Lowe’s Equity Research

They may appear to be identical twins but I think Lowe’s has a bit more upside. Analysts are forever trying to make quarter on quarter conclusions over whether Home Depot or Lowe's is taking market share from each other but I don’t think analyzing their relative prospects is as simple as that. In this case, Lowe's has had a lot more execution difficulties than Home Depot following the housing market slump. The good news is that it now has upside from executing its strategy of making product line reviews and resets. In other words, it can play catch up with Home Depot by simply undergoing blocking and tackling measures in its stores.

Of course these things are much easier to do when the housing market is showing signs of strength and Lowe’s recent results reflect this. Ten of its fourteen categories showed growth in the quarter with strength in the larger ticket and more discretionary items like lumber, cabinets, and countertops. The relative weakness in its outdoor and garden sales is only to be expected after the unseasonally warm winter last year made for tough comparables.

Sandy did its bit too and overall comparable same store sales did well, rising 1.9% in the quarter.




 Why Lowe's is a Good Stock to Buy

One issue that concerned the market was the promotional activity that saw some pricing cuts. However, the promotions were targeted at specific items and are part of the program of product line reviews and resets. Lowe's is trying to normailze inventory levels across all its lines. In addition, Lowe's usually has promotions in the fourth quarter, so it’s nothing unusual. The difference this year was actually on the positive side, with the promotions being described as much more balanced than in recent years.

Lowe's has completed 80% of its product reviews and 30% of the resets and its management feels confident that when the other 70% are completed by the end of 2013, gross margins will rise as a consequence. Indeed, it achieved mid-single digit growth in the categories that have already been reset with a 100 basis point improvement in margins. The strategy is working.

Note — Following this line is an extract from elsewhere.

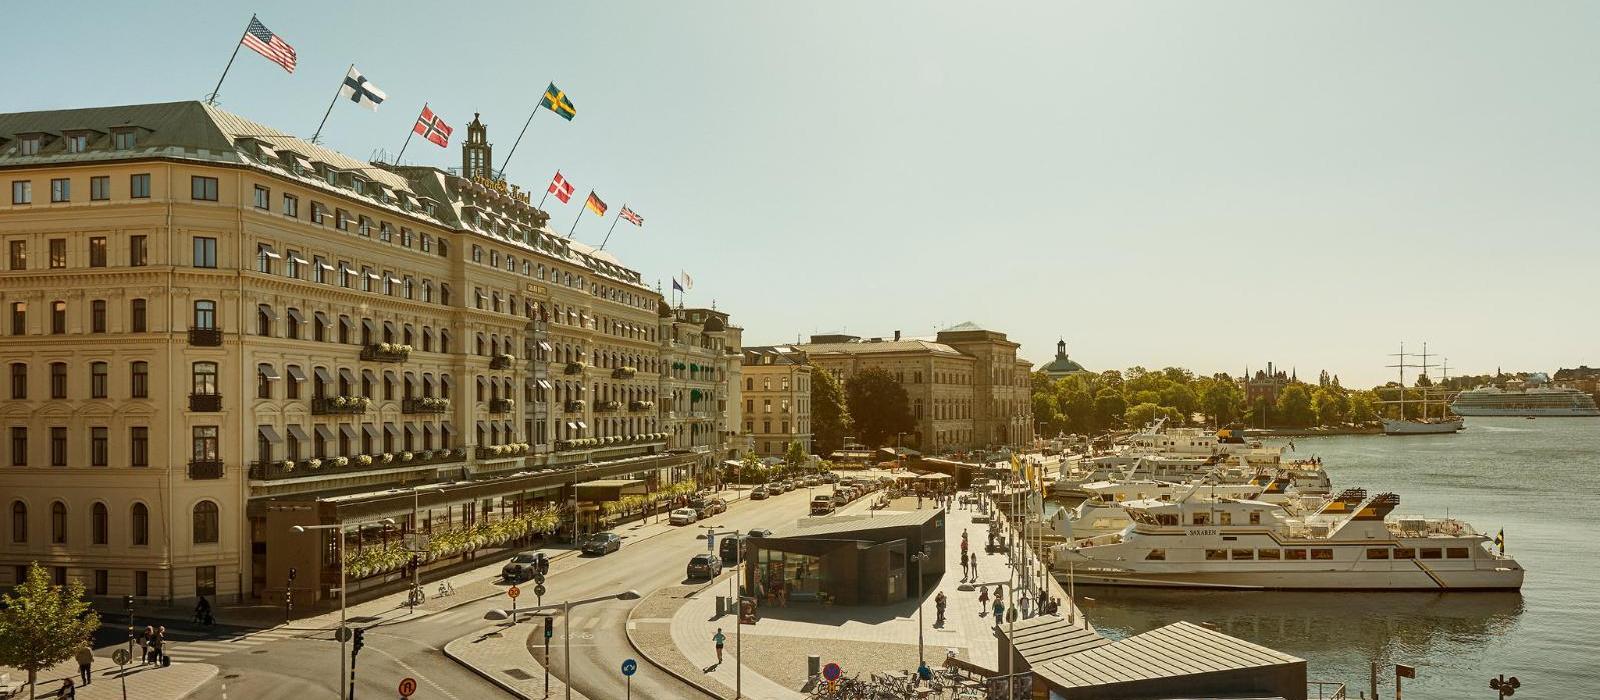 斯德哥尔摩大酒店(Grand Hotel Stockholm) 图片  www.lhw.cn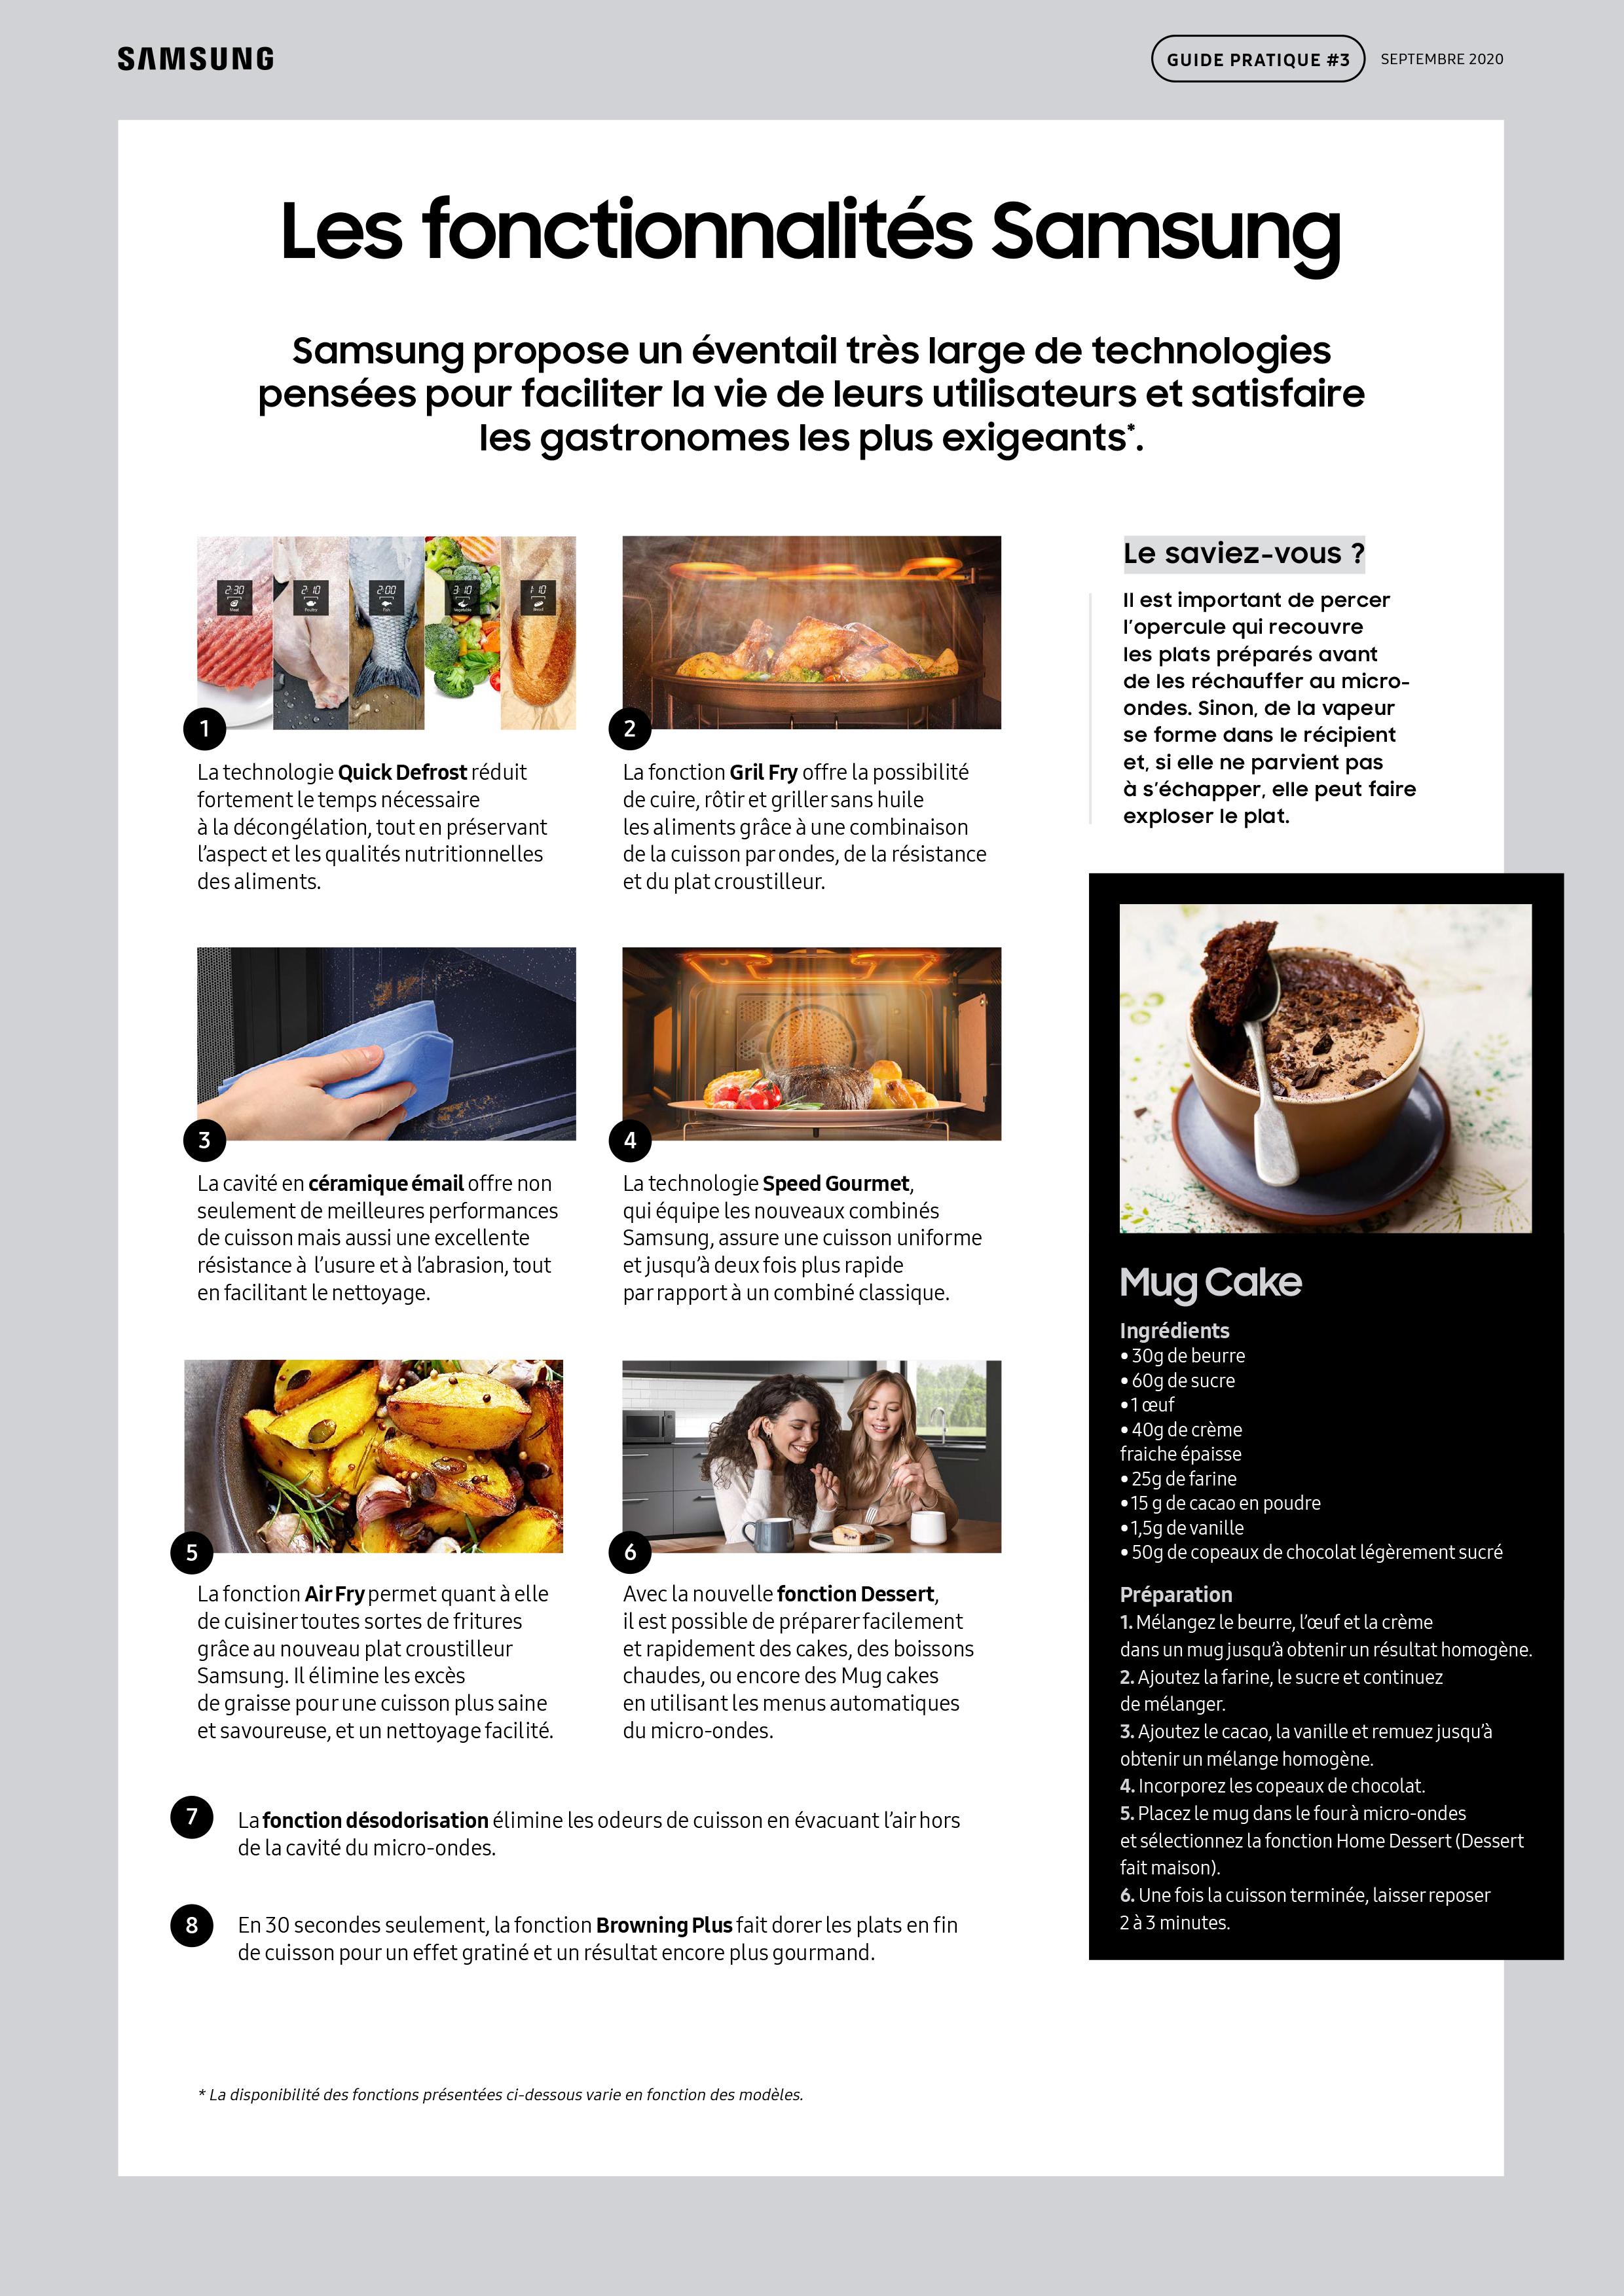 Guide pratique Samsung micro-ondes-5

I was expecting Home Depot to give a good set of results and it didn’t let the market down. Home Depot confirmed that there was broad based strength in spending across its product categories and geographically the worst affected areas of the property recession are now making sequential improvements. We can see this broad-based strength in the results of home goods companies like Whirlpool  and Masco. Whirpool is doing well in the US (although its international prospects appear less certain) and it has late cycle prospects because new home starts (which should kick in this year) will generate new business when they are sold and inhabited later in the year.  It is a similar story with Masco, which reported North American sales up 12% and its businesses selling into new home construction were up 25%. Both stocks remain good plays on housing.

Lowe's Analysis

Putting these issues together, Lowe's forecasts total sales growth of 4%, with comparable same store sales growth of 3.5% with 3% of the latter coming from internal sources. If you assume that there is a better than expected housing recovery to come, than there could be upside to company guidance.

Analysts have Lowe's on $2.09 EPS for 2013, which implies a near 24% rise in earnings to put it on a forward PE of around 17.7. In addition, it is starting to generate significant cash flows with $2.5 billion in free cash flow generated this year and $3 billion estimated for 2013. This equates to around 6.2% of its current enterprise value and if you share my belief that housing ups and downs tend to be multi-year events, then the stock still looks attractively priced given the outlook.